Его ответ застал ее врасплох. Она подошла к нему.
– Почему ты это сказал?
– Потому что я чувствую себя твоим адвокатом, и это вызывает во мне этическую неразбериху. Скажи откровенно: ты бы пришла ко мне тогда, если бы на Сариных похоронах я не сказал, что стал юристом?
– Это нечестно.
– Почему?
– Потому что это личное.
– Знаю. Это ты тоже прояснила. – Он открыл ноутбук.
Трейси пододвинула свой стул поближе к нему и села. Она знала, что этот момент настанет – момент, когда они попытаются выяснить отношения; просто ей казалось, что это будет вечером накануне слушаний. Но это случилось теперь, и она не видела причины оставить это невысказанным и незавершенным.
– Ни из-за кого другого я бы не осталась в Седар-Гроуве, Дэн. Только из-за тебя. Мне не хотелось снова быть в этом городе.
Не глядя на нее, он стучал по клавиатуре. Потом выпрямился.
– Я просто хочу, чтобы с этим было покончено, – сказала она. – Ты ведь можешь это понять? Когда это закончится, я смогу двигаться по жизни дальше, по всей моей жизни.
– Конечно, могу. Но, Трейси, я не могу гарантировать тебе, что это случится.

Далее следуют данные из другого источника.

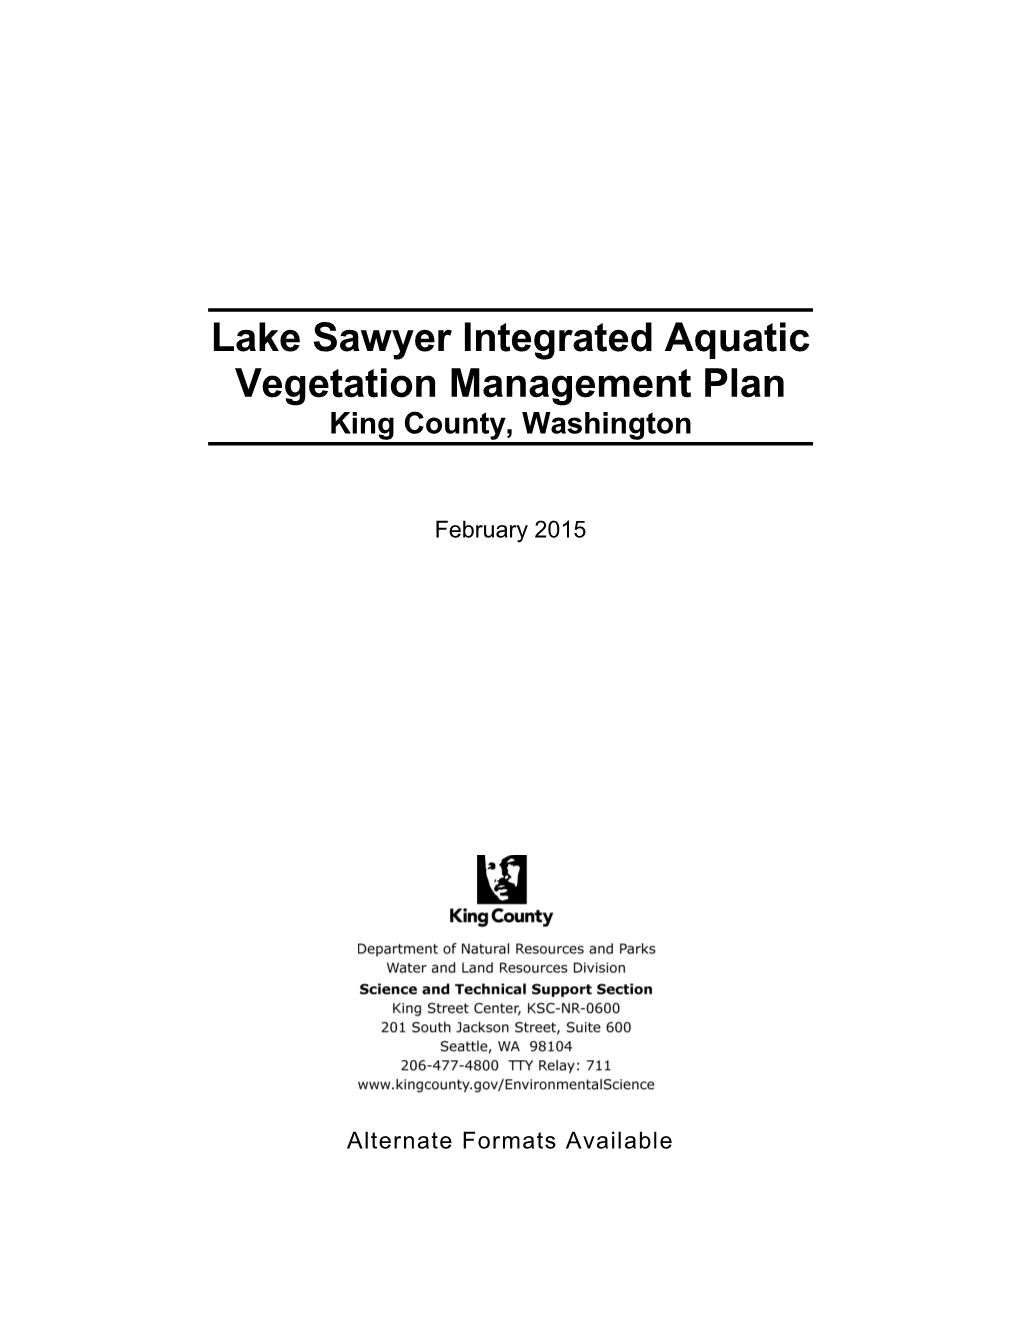 Lake Sawyer Integrated Aquatic Vegetation Management Plan King County, Washington

В его словах звучал нехарактерный надрыв, и она поняла, какой стресс переживает и Дэн. Он слишком хорошо переносил его, и Трейси забыла, что завтра утром он войдет не просто в зал суда, а в зал, наполненный враждебно настроенной публикой и журналистами, и сделает это ради подруги детства, которая двадцать лет добивалась этого момента.
– Извини, Дэн. Я не хотела оказывать на тебя ненужного давления. Я знаю, какой это будет стресс, особенно когда ты снова живешь здесь. И знаю, что нет никаких гарантий.
Он не повышал голоса.
– Судья Мейерс может отказать Хаузу в повторном суде. А может удовлетворить его просьбу. В любом случае ты можешь узнать о том, что случилось, больше, чем знаешь сейчас.
– Это не так. Слушания выявят нестыковки. Публика узнает то, что я и так знала все эти годы: что все было не так, как казалось во время первого суда.
– Я беспокоюсь за тебя, Трейси. Что ты предпримешь потом? Что, если ты по-прежнему не сможешь никого убедить продолжить расследование?